За балюстрадой виднелись цветочные клумбы, сильно пострадавшие от грозы, но запах штокроз, пионов и лаванды тихо плыл в утреннем воздухе. Кто-то вымел лужи с террасы; кованый стол окружали белые стулья с серыми, розовыми и белыми подушками. Завтрак уже убрали со стола, но посередине ярко сверкал кофейный сервиз.

Уилтон молча стоял у стола, не сводя взгляда с Ратлиджа.

– Грейс, принесите, пожалуйста, еще одну чашку для инспектора, – распорядилась Салли. Обернувшись, она воскликнула: – Инспектор, Марк, да садитесь же! – Все сели. Салли, привычно улыбаясь, налила Ратлиджу кофе. – Вот уж не ожидала, что половина Аппер-Стритема осмелится показаться сегодня утром на базаре! – начала она, умело пряча собственные чувства под плащом иронии. – Я уже говорила вам, Берт Мейверс опасен и для себя, и для всех остальных! Как Чарлз… – Она осеклась и продолжила: – Как кто-то мог столько лет мириться с ним – для меня загадка!

– Вряд ли инспектор пришел для того, чтобы обсуждать Мейверса, – заметил Уилтон. – Ратлидж, вчера вечером вы хотели меня видеть?

Ратлидж отпил кофе и ответил:

– Собственно говоря, да. Но дело подождет. Пока. Вы с Ройстоном и Карфилдом договорились о завтрашних похоронах?

Уилтон посмотрел на парк.

– Да, все решено. Я… собирался утром навестить Леттис, рассказать, как все пройдет, объяснить, чего ждут от нее, кто приедет на похороны. Пришлось разослать множество писем и телеграмм. Ройстон и Джонстон справились бы с делом и сами, но многих людей я знаю лично. Знаю, кто они и что собой представляют. Салли потом поможет Леттис написать благодарственные письма. Ну а поминки… главное – не подпускать ни к чему Карфилда! – На лице Марка отчетливо отразилась неприязнь. – От него спятить можно! Он передал Джонстону, что намерен провести в «Мальвах» почти весь день – руководить приготовлениями и так далее. Ройстону пришлось прямо сказать, что его услуги не требуются и что церковь должна исполнять свои обязанности и больше ничего. А ведь ему и своих забот хватит! Наверное, почти всю ночь не спал, сочиняя заупокойную молитву.

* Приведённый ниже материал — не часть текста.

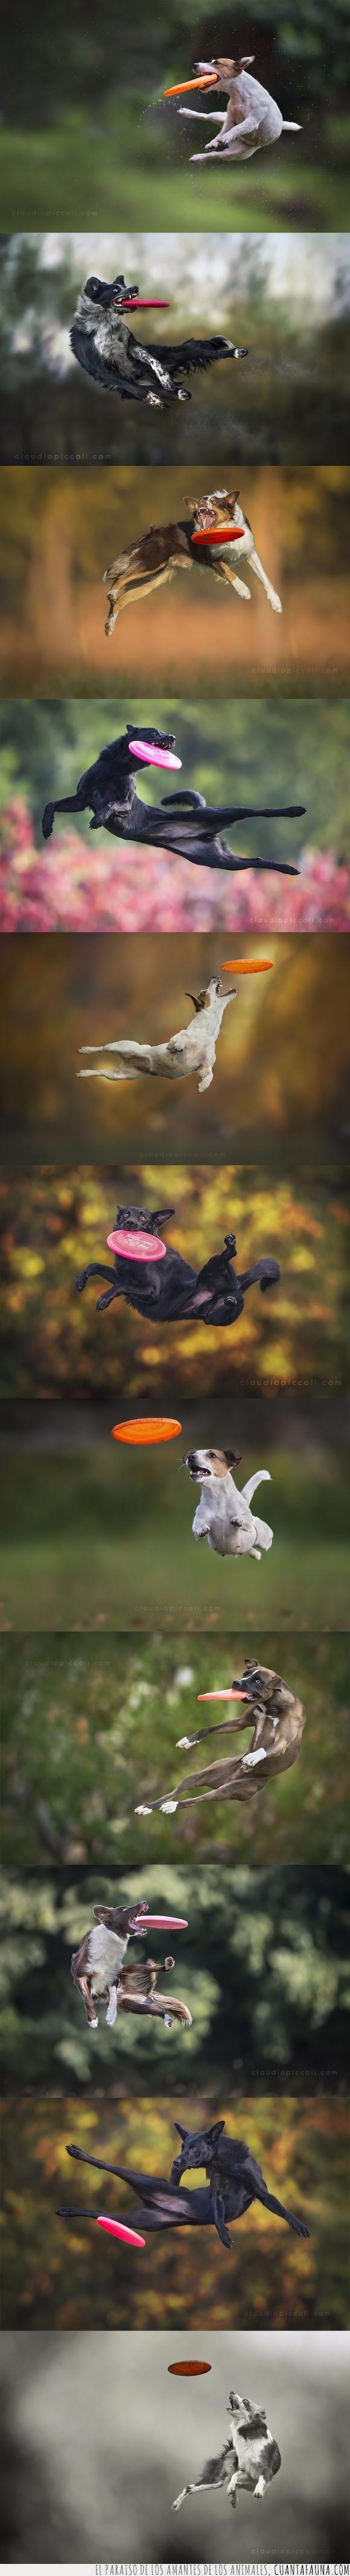 coger,derp,frisbee,momento,perro,saltar,salto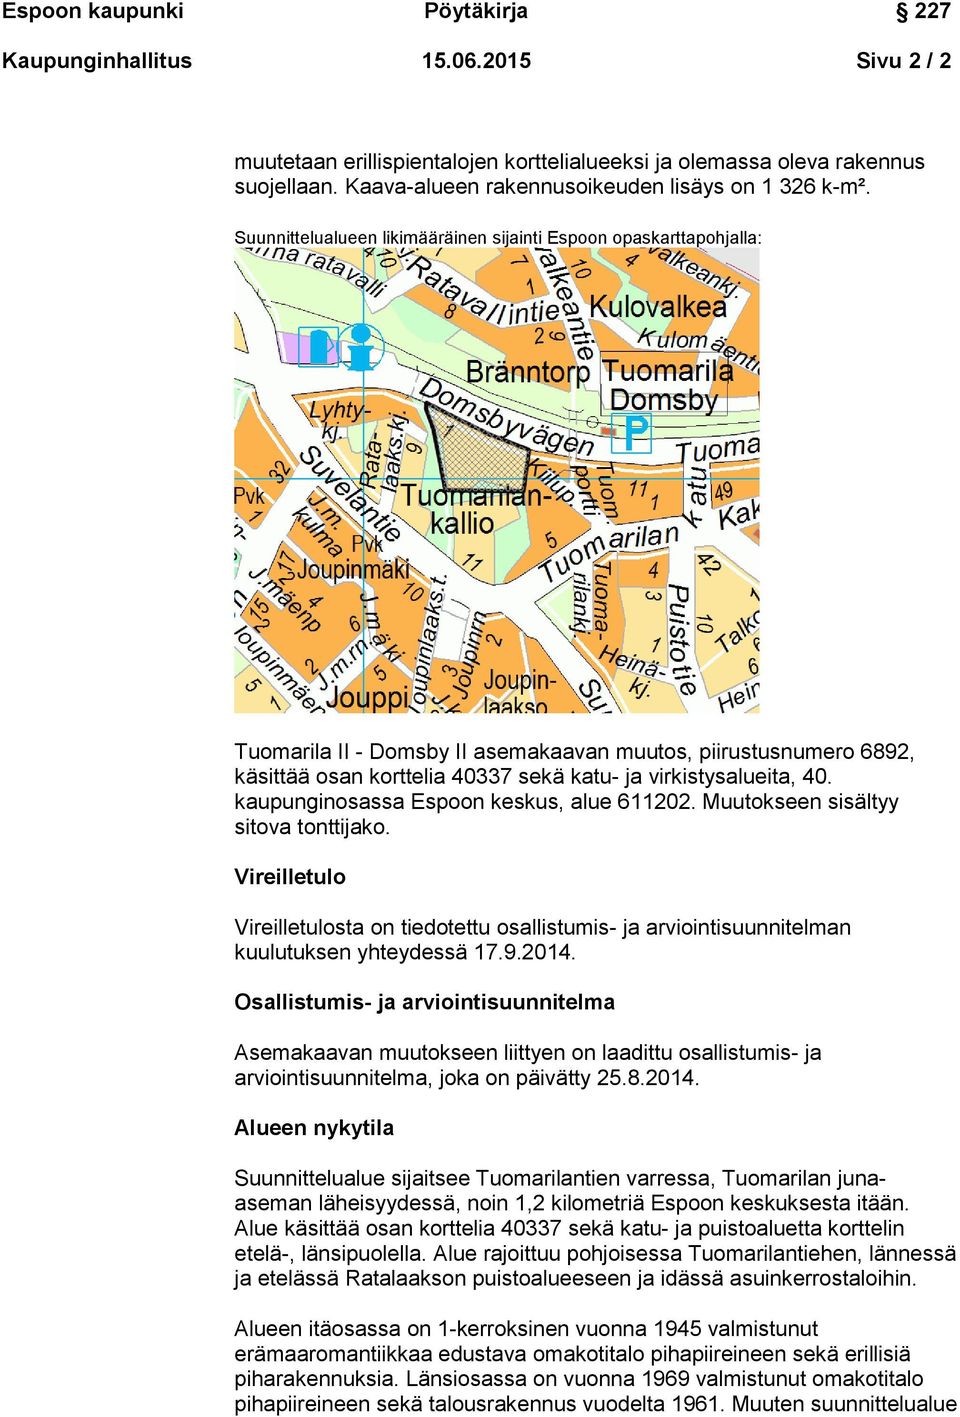 kaupunginosassa Espoon keskus, alue 611202. Muutokseen sisältyy sitova tonttijako. Vireilletulo Vireilletulosta on tiedotettu osallistumis- ja arviointisuunnitelman kuulutuksen yhteydessä 17.9.2014.

Салли великодушно возразила:

– Марк, намерения у него добрые. Он очень утешает Агнес, справляется о бедной малышке Лиззи. А когда умерла мать Мэри Торнтон, он обо всем позаботился. Но я вполне тебя понимаю; он положил глаз на Леттис с тех самых пор, как она сюда приехала, с 1917 года.

Уилтон покосился на Ратлиджа, но ничего не ответил. Ратлидж допил кофе и встал из-за стола.

– Уилтон, мне бы хотелось переговорить с вами с глазу на глаз, если вы не возражаете:

Салли проворно поднялась:

– Вы оставайтесь здесь, а у меня дела.

Но сад и терраса были открыты чужим взорам, и голоса были слышны издалека. Уилтон положил кузине руку на плечо:

– Прими солнечную ванну, дорогая моя; я скоро вернусь.

Он не мог видеть, как она посмотрела на него, когда он встал, вежливо ожидая согласия Ратлиджа. На ее лице отразились смешанные чувства. Ужас. Любовь. И нерешительность.

Уилтон отвел Ратлиджа в малую гостиную, где они беседовали во время первой встречи, и закрыл за собой дверь. Остановившись спиной к двери, он произнес:

– Я ждал, что вы явитесь вместе с сержантом. И ордером на мой арест.

– Так я и собирался поступить. Но мне пришло в голову, что если я поведу вас в тюрьму на глазах у всех, кто идет на базар, то причиню мисс Вуд и вашей кузине ненужные страдания. Если вы сейчас добровольно пойдете со мной, мы постараемся сделать все как можно тише.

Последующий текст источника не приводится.